Sunday, September 02, 2007

WHY I BOUGHT KALA

I've been on vacation since Friday, August 24; I'm going back to work on Tuesday. Surprisingly, I've done relatively little record shopping during that stretch. I bought the following titles from Amazon early in the week:

Willie Colón, Guisando
Roberto Roena y Su Apollo Sound, 5 and El Progreso
Andrew Hill, Change

And I bought the following on Wednesday at a local store:

Tego Calderón, El Abayarde Contra-Ataca
V/A, Echo Presenta: Invasion
Fania All-Stars, Live In Japan 1976

(I also picked up seasons 2 and 3 of The Wire, which I've been working through one disc (two or three episodes) per day; I'll be done tomorrow.)

And that was it, until today. Today, though, I went to Target for some other stuff, and left with Belanova's Dulce Beat (Mexican electrodiscopop; two programming geeks and a cute girl up front; their live album's awesome) and M.I.A.'s Kala.
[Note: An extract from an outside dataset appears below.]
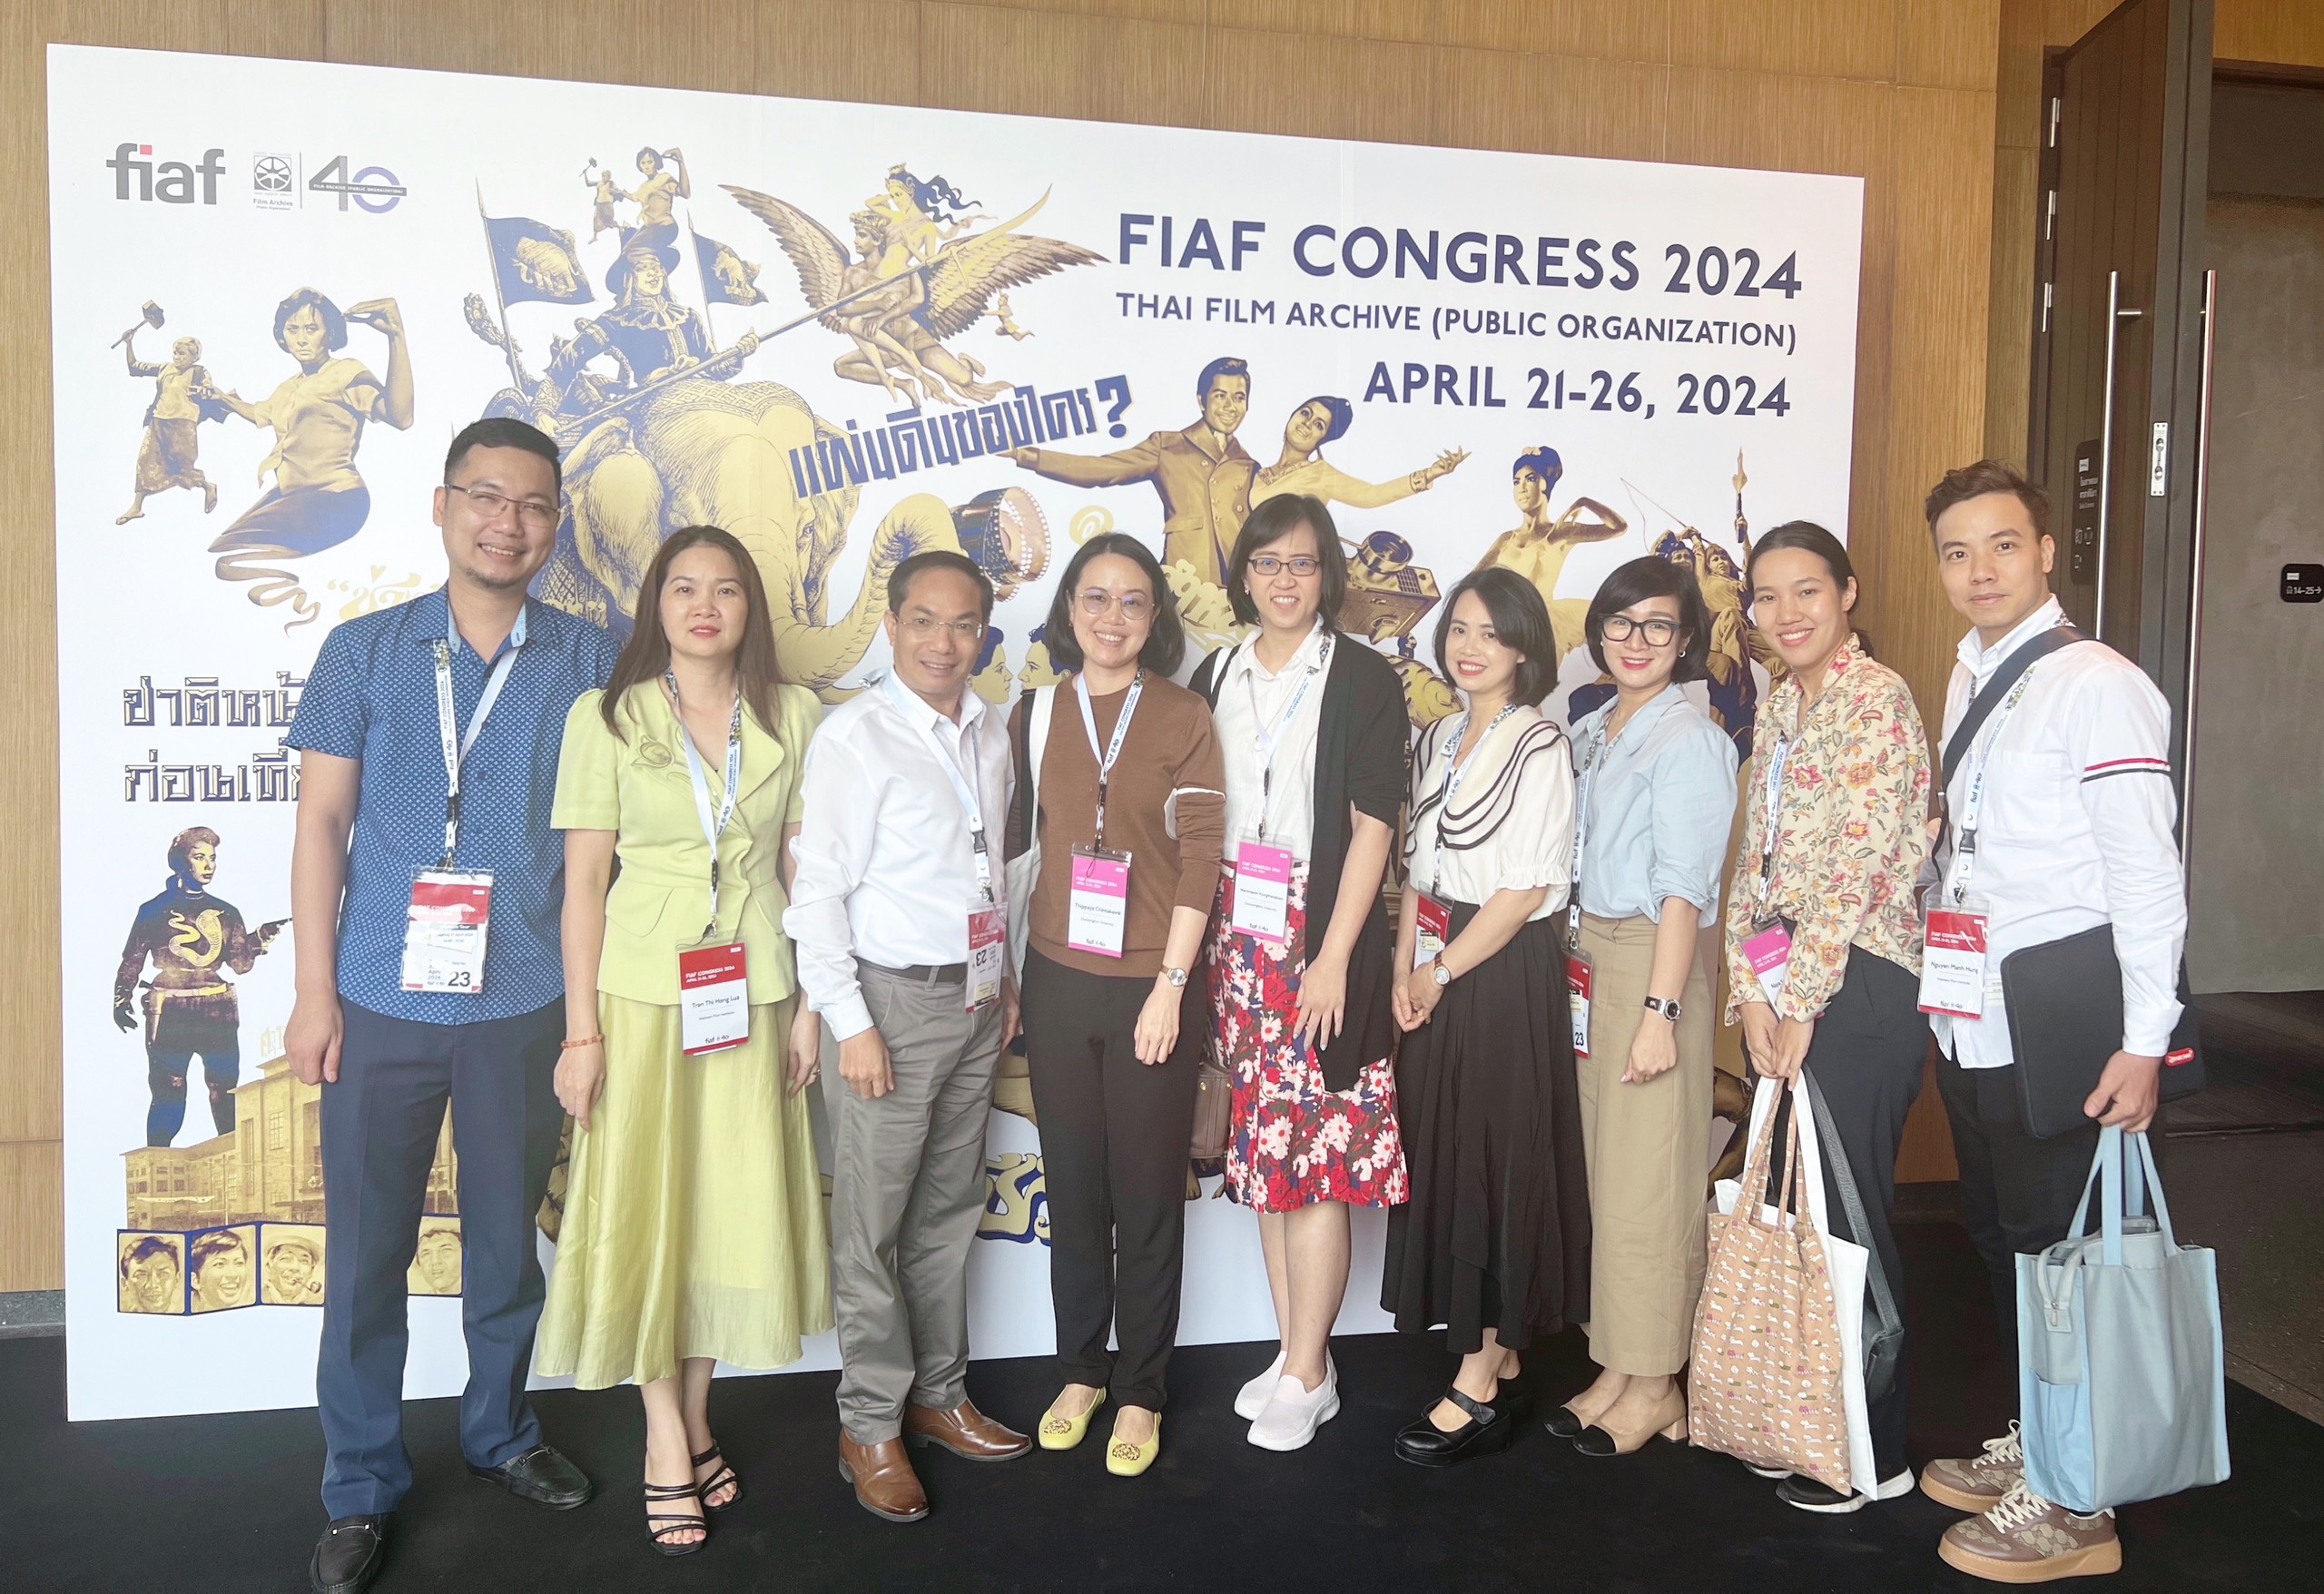 Hội nghị FIAF năm 2024 tại Thái Lan với chủ đề "Các Cơ quan Lưu trữ phim ở phía Nam bán cầu"

Now why the fuck did I buy Kala? Okay, it was only $9.99. It didn't hurt much. But I didn't like Arular or Piracy Funds Terrorism - I came away from both thinking

1) Nerd-ass whiteboy critics are letting their dicks do their listening for them, and
2) This chick is nothing but Tom Tom Club with a tan.

I know a guy - a former co-worker - who was practically doing the pee-pee dance on one foot, waiting for Kala to drop. And you couldn't venture online to ILM or Pitchfork or any other place where pasty, trainspotting elitists congregate without seeing five or ten simultaneous swirling discussions of the record's imminence. I didn't take part in any of those discussions, because I genuinely didn't give a fuck. I didn't like the last records, I'd been taken in by the hype once already and was sure I wasn't gonna get suckered again.

So why the fuck did I buy this thing?

I hate to say it, but I think some vestigial part of me still cares what Pitchfork people and Paste people and ILM people think. Not in the sense that I care about, or solicit, their opinions on the music I like and choose to write about (I'm damn sure not gonna be putting Pitchfork or Paste on the Metal Edge comp-subscription list), but in that I privilege - and mark your calendars, 'cause I'm pretty sure that's the first time I've ever used that word as a verb - their tastes over my own. I have a critical inferiority complex.

It doesn't surface very often. I swiped a copy of the last Wilco album off the Relix editor's desk, and listened to as much as I could stand before lapsing into a coma. I think I made it partway into track three. (I might have tried the same thing with the new White Stripes disc, had I not seen a couple of videos on MTV and known what a crapfest it was.) But in the case of M.I.A., and Dizzee Rascal before her, I've been suckered twice in a row. Which leads me to believe this is a two-part problem.

Problem 1: I believe that other critics, most of whom went to college (unlike me), know something I don't. This is almost certainly bullshit, since I know things they don't - namely, how to actually make records. I studied audio engineering. This makes my perspective on recorded music qualitatively different from that of someone who's caught up in the romanticism of singer-songwriter "authenticity" or indie guilt. Still, as someone who grew up in a middle-class New Jersey suburb and was groomed for college and some sort of socially acceptable career path but who then took a series of sharp turns off that path, I'm very vulnerable to the urge to defer to those who seem to have similar backgrounds to me but who made the "right" choices.

Problem 2: On some subconscious level, I have retained my own suburban whiteboy ideas about music made by brown-skinned people - that it has some inherent value greater than music made by people who look like me. No matter how much I love metal (and I really, really do), I still in some small way give the new rapper on the scene, whose stuff I'm going to have to download or (shock, horror) buy, a little more creative leeway than the new metalcore band whose CD lands on my desk with the day's other mail.

Combine the two - brown-people music beloved of the educated white elite youth - and you understand why I bought Kala today, and why the purchase fills me with shame.